I'm on Window 8, CPU x64, JDK 1.8.0_65. On Linux this bug does not seem to reproduce, at least we weren't able to reproduce it; not sure if this is a Windows only thing though, just thought to mention it.
I think I am seeing the same issue. With 0.3.5, a simple request/reply pattern hangs in the listening socket indefinitely on the first request, I downgraded to 0.3.4 everything works perfectly.
My environment is: VirtualBox on Windows 10 Lubuntu 15.10 Oracle JDK 1.8.0_91
0.3.5 seems to be unstable in many ways. I'll look into the changes after 0.3.4. Thanks for the testing and reporting.
Hey guys, I see v0.3.6 was released in end September. By any chance does it fix this issue too?

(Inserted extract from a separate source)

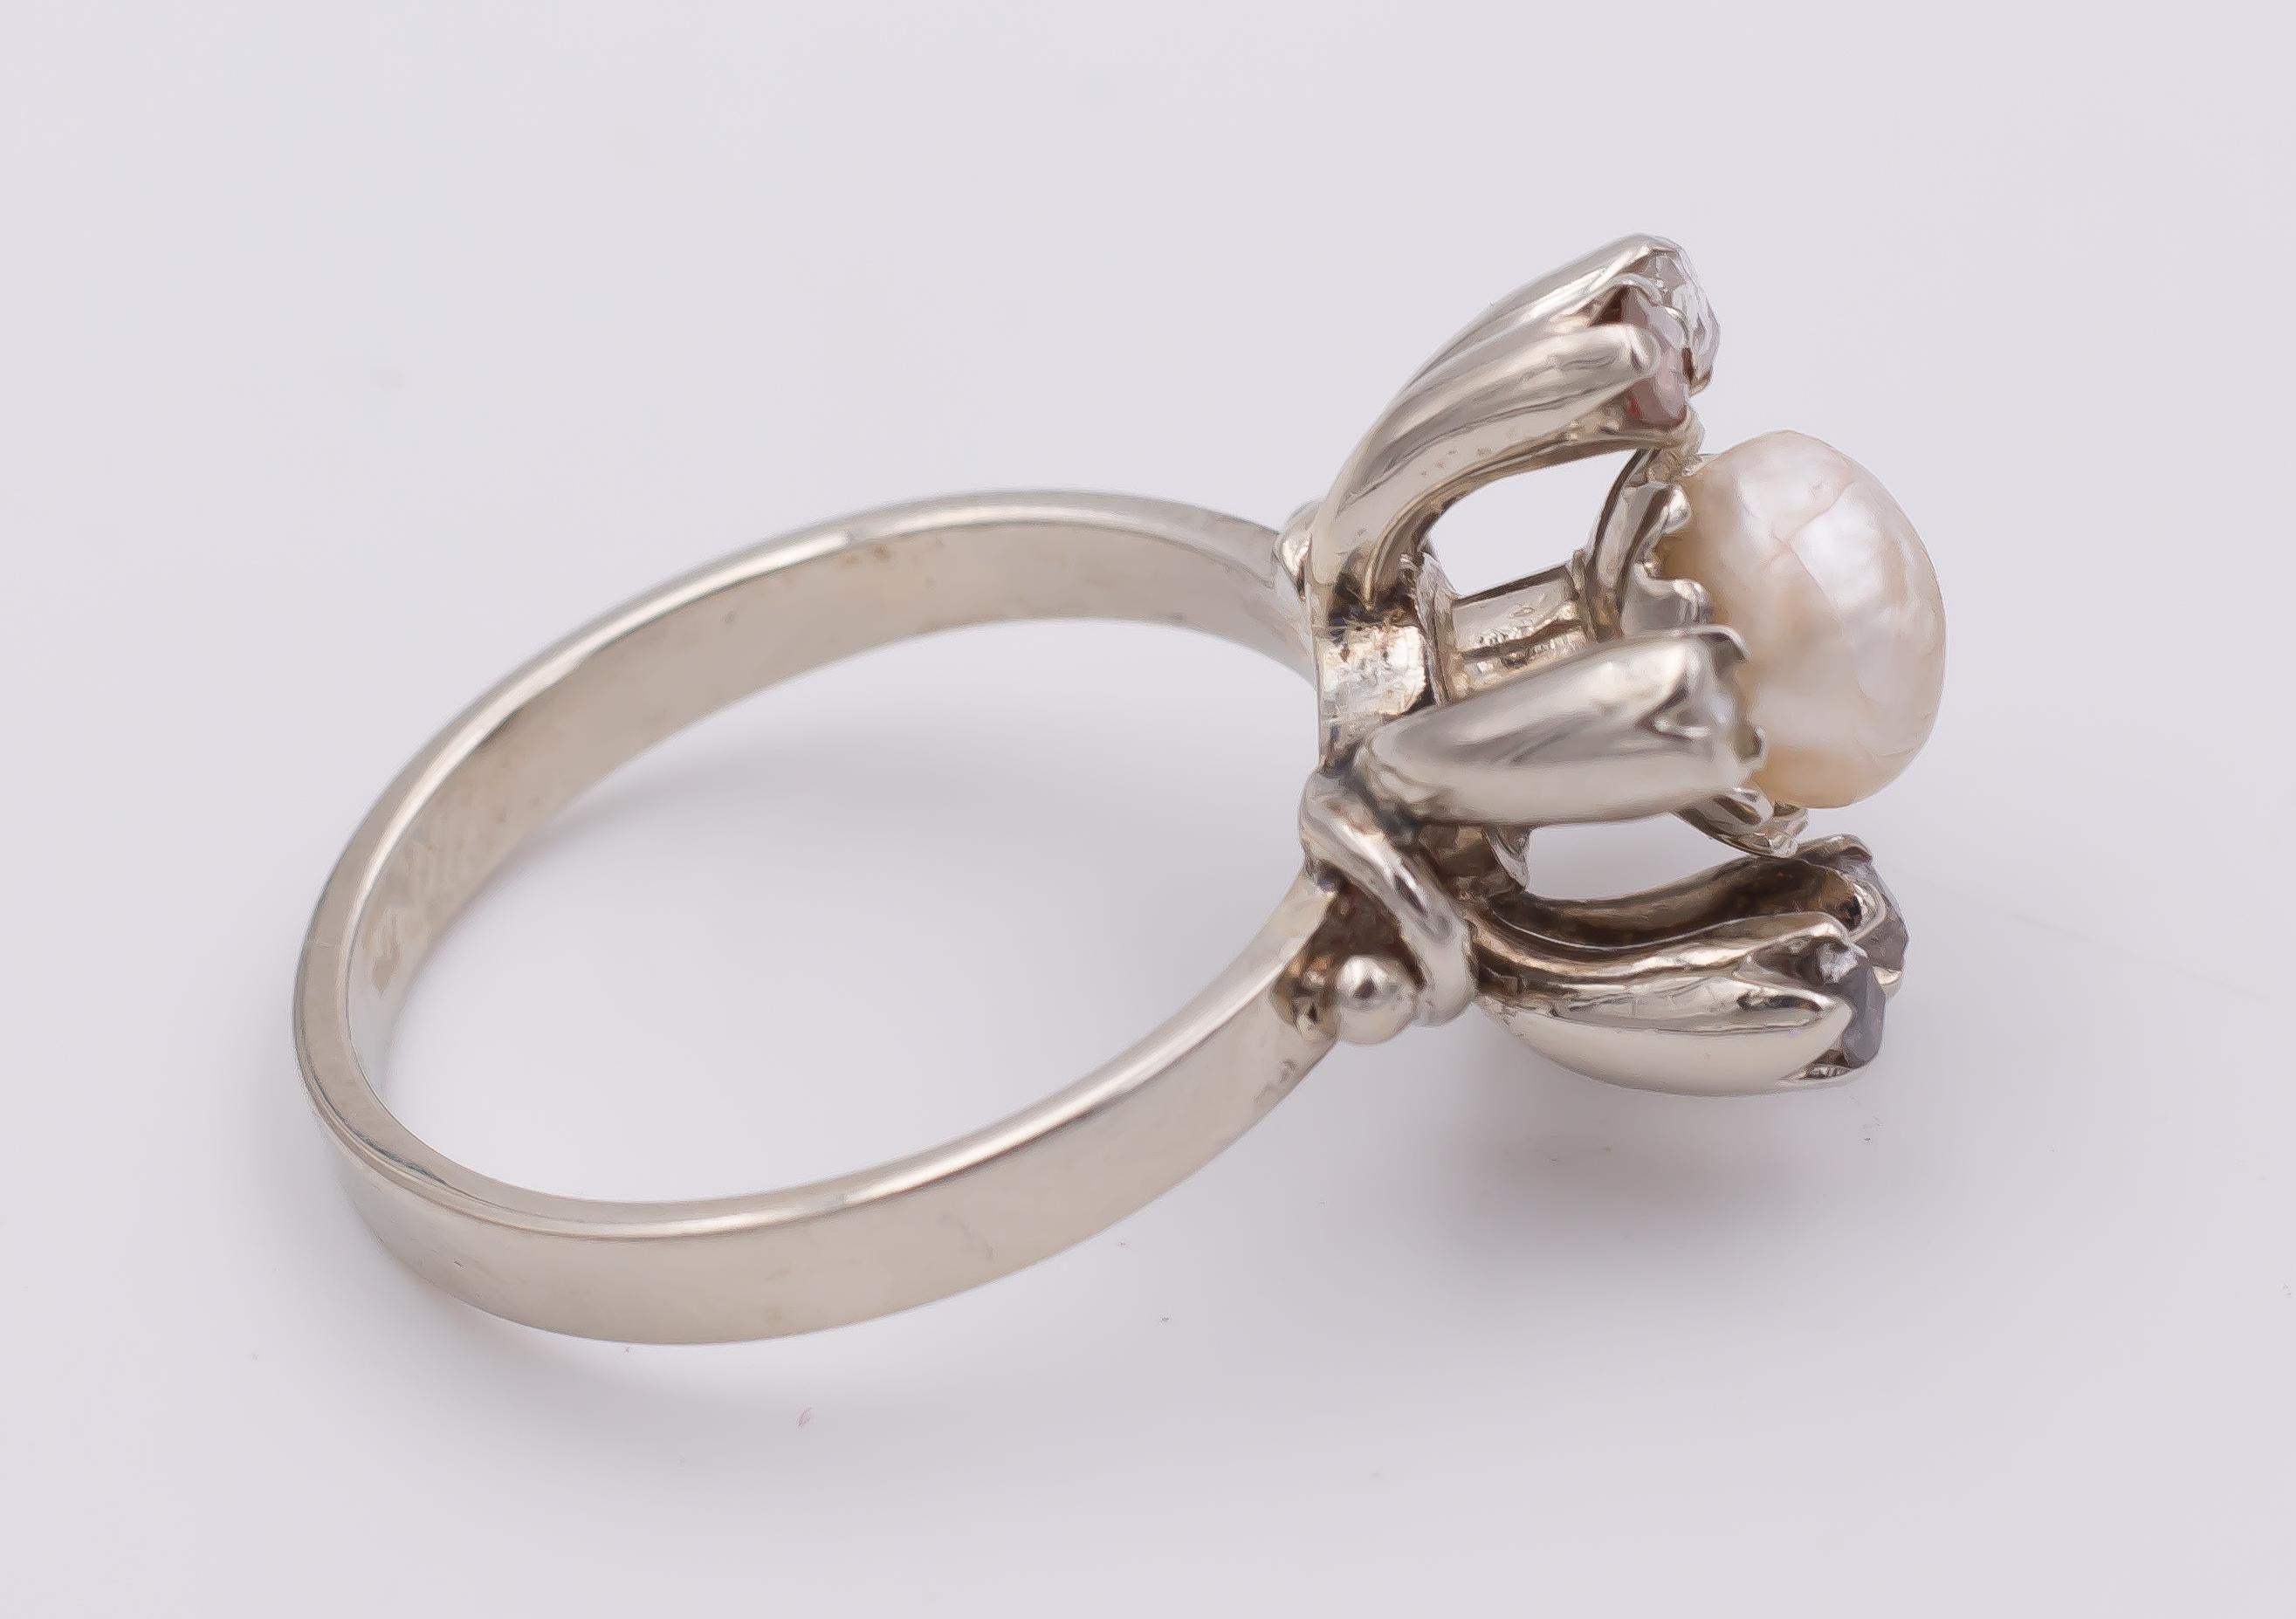 This fine and elegant ring has a beautiful flower shape: it is set with a central pearl, surrounded by six petals, the rose cut diamonds in a gold mount.
The ring is crafted in white gold throughout and dates from the 1930s. 

MATERIALS
White gold,

I am hitting a similar issue. When I call Context.term() (or .close()), it hangs forever with the main thread in the below stack state. I had two sockets allocated off the context. I tried closing the sockets and context in different order, tried adding a brief sleep prior to closing context. Nothing worked to make the term() method return.

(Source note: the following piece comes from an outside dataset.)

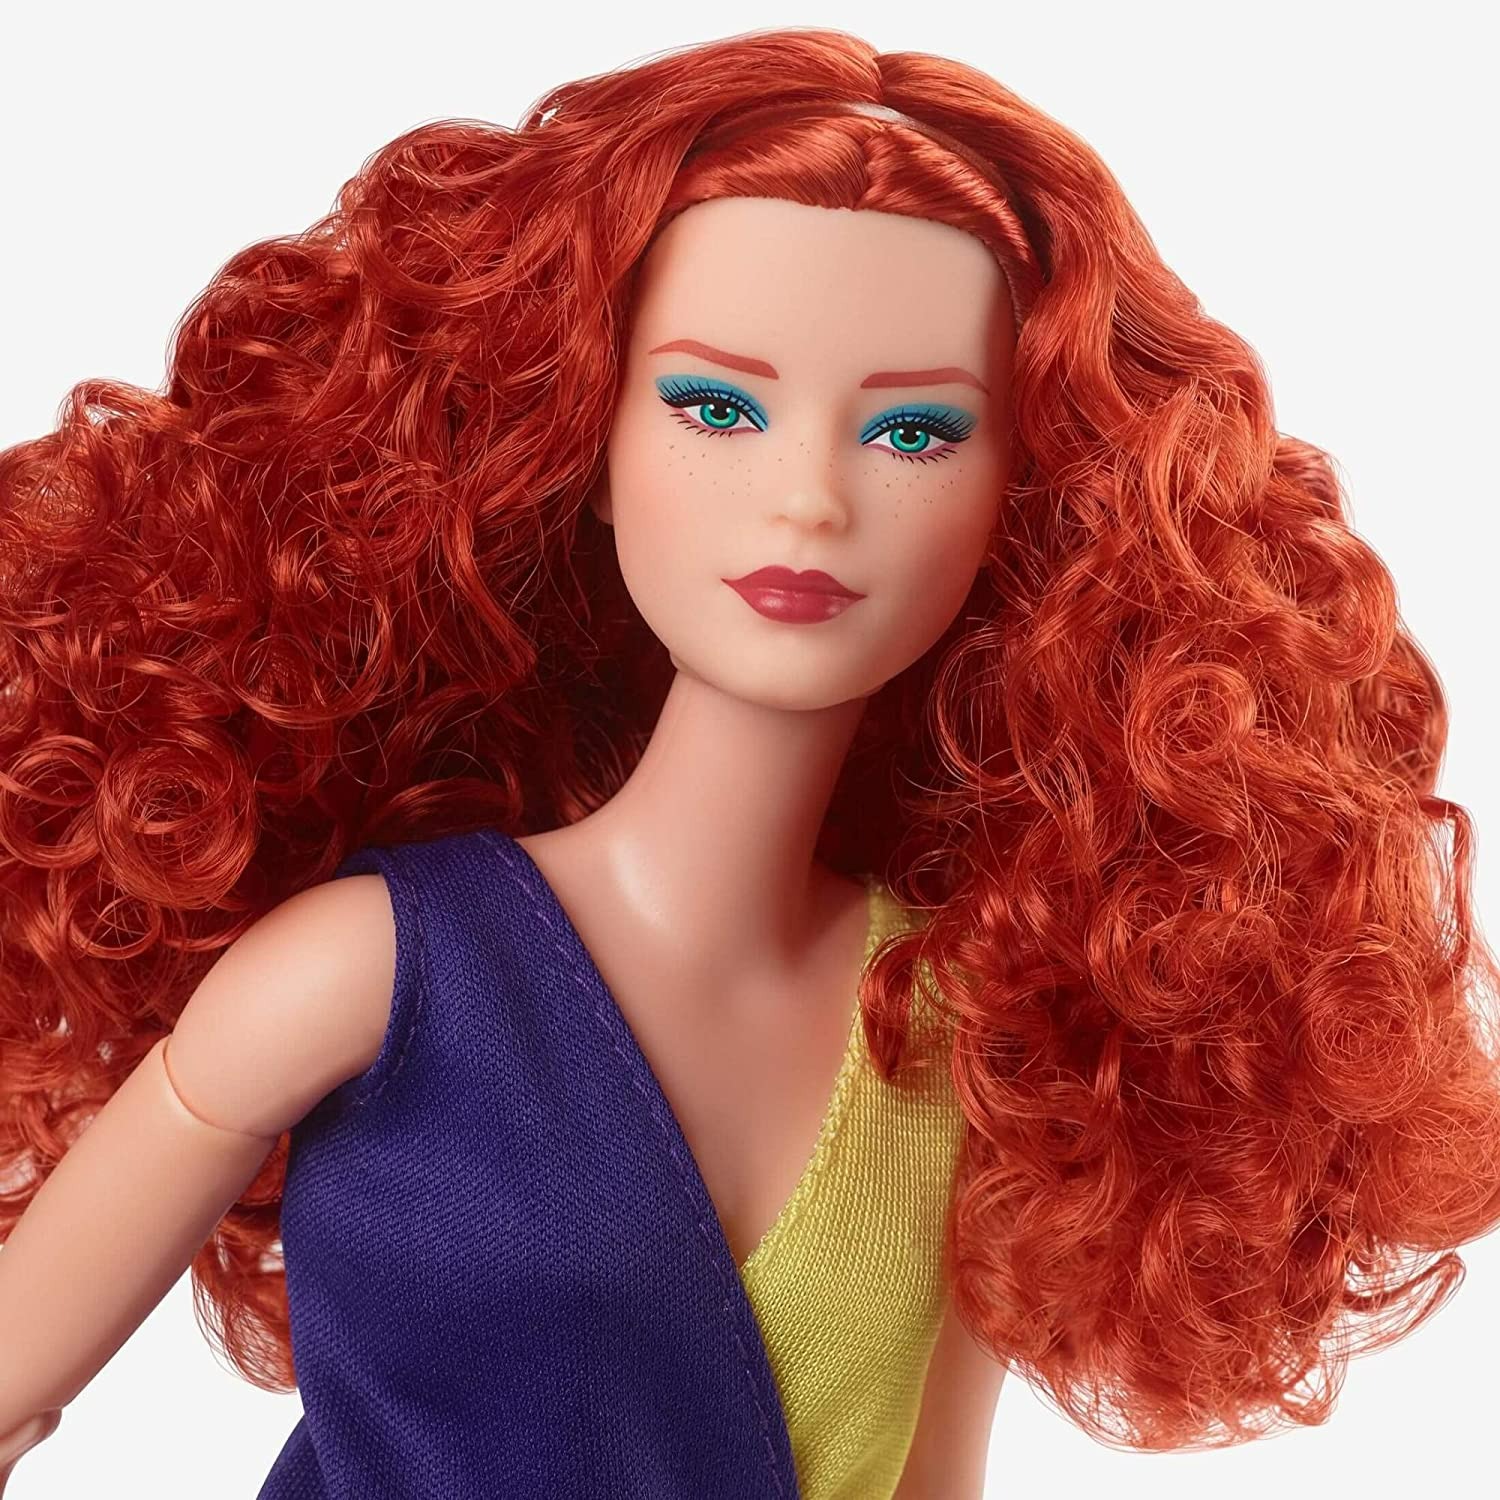 Barbie Looks Doll with Curly Red Hair-1

This is reproducible 100% of the time, and has forced us to omit the term() call, which exposes a memory leak. (In fact I started working on this after the java process hit OOM and I found thousands of context objects in the heap dump.)
I would like to know if there is an upcoming fix, or at least a reliable workaround to shut down JZMQ cleanly.
Main thread stack trace: "Test worker" #11 prio=5 os_prio=31 tid=0x00007fabc9ab0800 nid=0x4c03 runnable [0x000070000fb71000] java.lang.Thread.State: RUNNABLE at sun.nio.ch.KQueueArrayWrapper.kevent0(Native Method) at sun.nio.ch.KQueueArrayWrapper.poll(KQueueArrayWrapper.java:198) at sun.nio.ch.KQueueSelectorImpl.doSelect(KQueueSelectorImpl.java:117) at sun.nio.ch.SelectorImpl.lockAndDoSelect(SelectorImpl.java:86) - locked <0x000000077bde7ad8> (a sun.nio.ch.Util$3) - locked <0x000000077bde7ac8> (a java.util.Collections$UnmodifiableSet) - locked <0x000000077bde7928> (a sun.nio.ch.KQueueSelectorImpl) at sun.nio.ch.SelectorImpl.select(SelectorImpl.java:97) at zmq.Signaler.waitEvent(Signaler.java:148) zmq.Mailbox.recv(Mailbox.java:105) at zmq.Ctx.terminate(Ctx.java:197) at org.zeromq.ZMQ$Context.term(ZMQ.java:322)
Action needed: implement the problem described above as a test case.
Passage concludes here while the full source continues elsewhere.